Так тысячу проблем успели обсудить люди, пока в совещательной комнате решалась судьба подсудимых. Писатель Шанский переходит от одной группы людей к другой, прислушивается к разговорам, спорам, стараясь не вмешиваться в них, а схватывать их в естественном течении. Только изредка, когда разговор грозит иссякнуть, он подает какую-нибудь острую, иногда умышленно спорную реплику, на которую не может не ответить та или другая сторона. Эти разговоры для него тоже очень важны – они как-то и в чем-то, может быть, сумеют помочь в решении навалившихся на него вопросов. Кто из спорящих прав, кто – не прав, в этом нужно еще разобраться, но и то и другое одинаково интересно и важно, потому что это думы народа.

Нина Павловна видит все это и слышит, но точно сквозь туман. Все помыслы ее устремлены туда, в совещательную комнату: там, может быть, тоже идут споры, потому что уж долго что-то перерыв затянулся и секретарь суда давно уже поглядывает на ведущую в эту комнату, никому сейчас не доступную дверь.

Наконец: «Суд идет!»

Все встали, и началось чтение приговора. С замиранием сердца слушала Нина Павловна громкий, четкий голос судьи, изложение сущности дела, всех доказательств и обоснований, что, казалось, и не нужно было читать, – все ясно, все доказано, и никаких больше надежд.

– …Смирнова… освободить из-под стражи!..

Ничего больше не запомнила Нива Павловна – кого на сколько осудили, не заметила она и одобрения, которым отозвался зал на приговор, – ждала она только одну-единственную фамилию и услышала: «Три года заключения в детской трудовой колонии».

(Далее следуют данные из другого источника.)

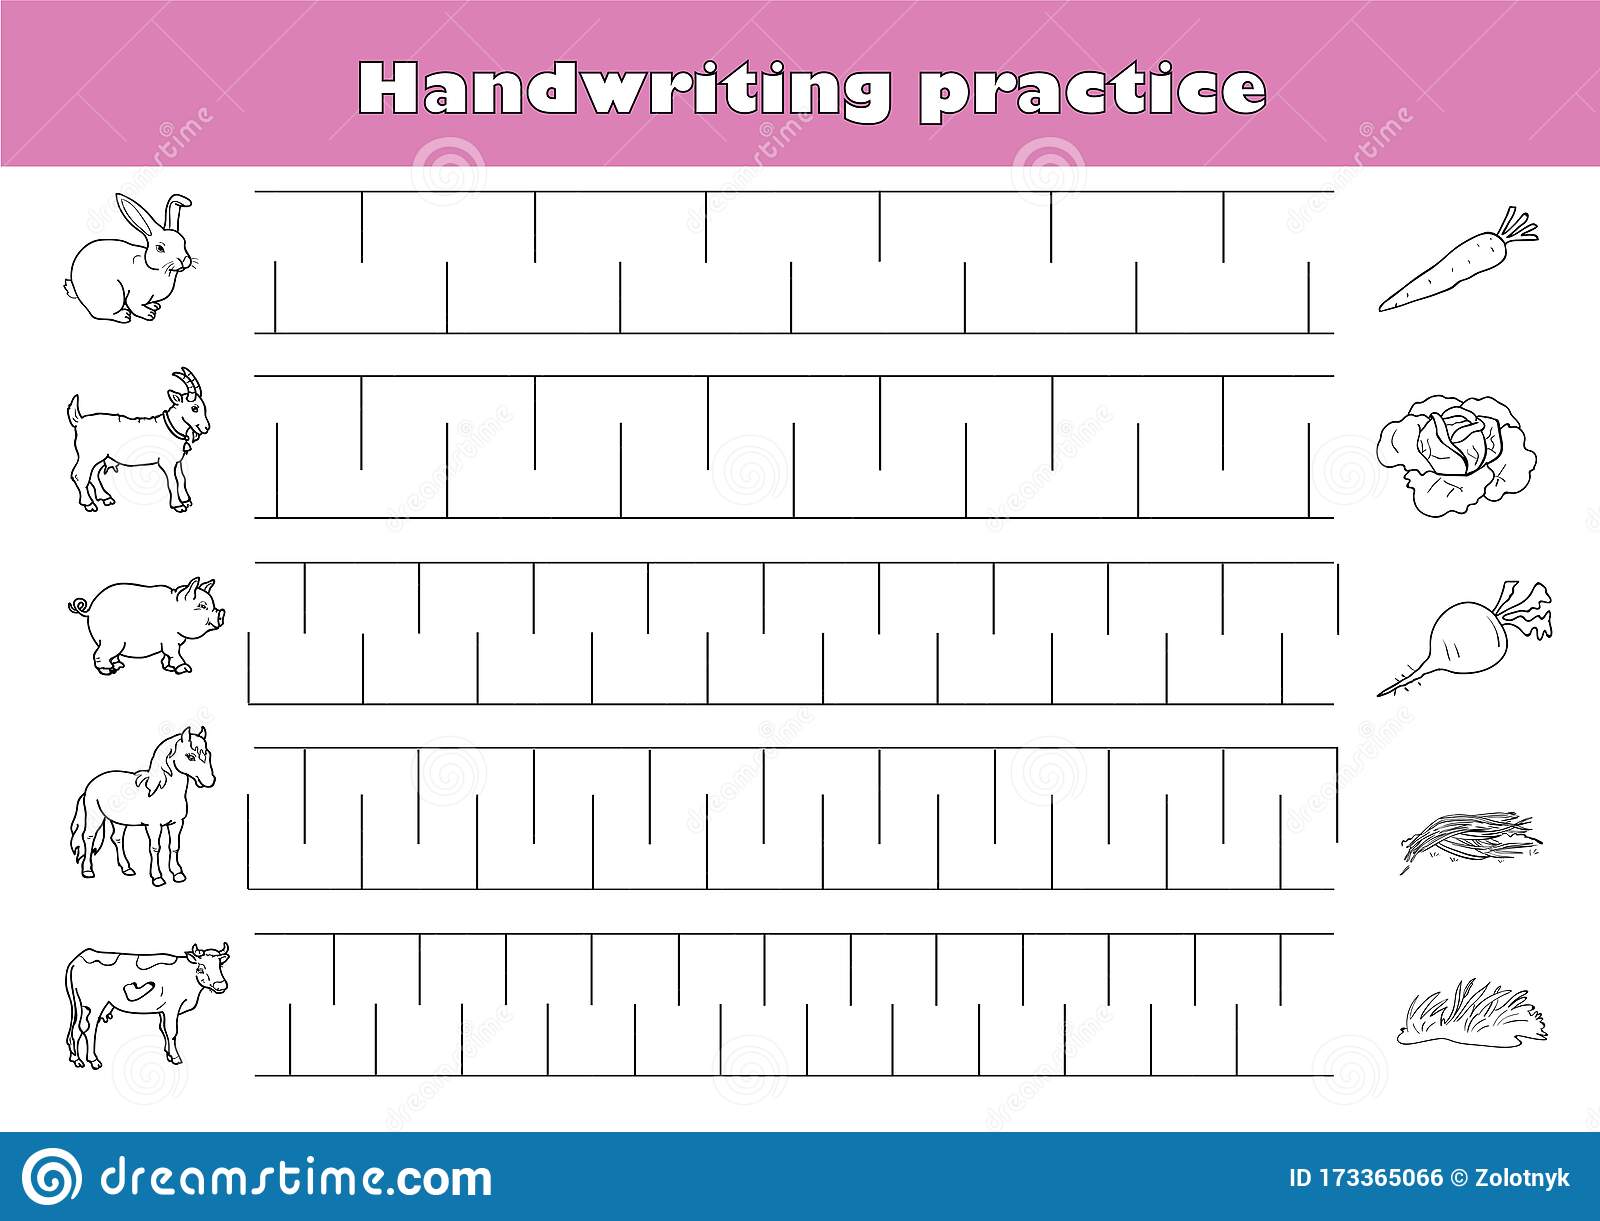 Handwriting Practice Sheet Educational Children Game Restore The

Все узлы, в которые все это время были связаны нервы Нины Павловны, вдруг лопнули, все завертелось, куда-то полетело, и Нина Павловна сама не почувствовала, как у нее вырвался крик, и сама не узнала своего голоса. Но по тому, как обернулись все к ней, она поняла, что это крикнула она. А главное – отчаянное лицо Антона, перекошенное в болезненной гримасе. Нина Павловна испугалась и крепко зажала рот обеими руками.

И вот последний миг – опять коридор, опять конвоиры, и опять сквозь строй человеческих глаз проходят уже не подсудимые, а осужденные, опять по одному, с заложенными за спину руками.

Нина Павловна заняла теперь место в самом первом ряду, у выходной двери. Она не могла себе простить своего крика, и перед нею неотступно стояло перекошенное лицо Антона. И теперь она собрала все силы и, когда Антон шел, улыбнулась ему и помахала рукой. Плохо, однако, удалась ей эта улыбка или Антон не поверил ей, но, проходя мимо нее, он крикнул:

– Мама, не плачь!

Дверь хлопнула, все кончено!

Больше сдерживать себя было незачем.

Часть вторая

1

Все кончено! Пока Антон был в милиции, в камере предварительного заключения, теплилась втайне какая-то надежда, самообман, порождаемый звучанием слова, – предварительное, значит, все-таки не совсем настоящее заключение, и, может быть, настоящего-то еще и не будет. По крайней мере, такая мысль мелькнула у него, когда он, стоя у окна камеры, заметил нацарапанную на подоконнике какую-то надпись. Надпись была затерта, но затерта небрежно, и Антон сумел разобрать: «Здесь сидел Юра Кравчук и ждал…» Дальше шло изображение тюремной решетки.

Антону тоже захотелось оставить след о себе в этом грустном месте, и он по старой «вольной» привычке стая шарить по карманам. Но в карманах ничего не оказалось; ни карандаша, ни ножа, ни гвоздя, ничего, – все было изъято. Обозленный, он отломал крючок от ботинка и начал было царапать свою мемориальную надпись. Но тут-то снова пришла обманчивая мыслишка: а может быть, еще тюремной решетки и не будет! – слишком легко и мирно плавали в воздухе белые пушинки июньского тополевого семени.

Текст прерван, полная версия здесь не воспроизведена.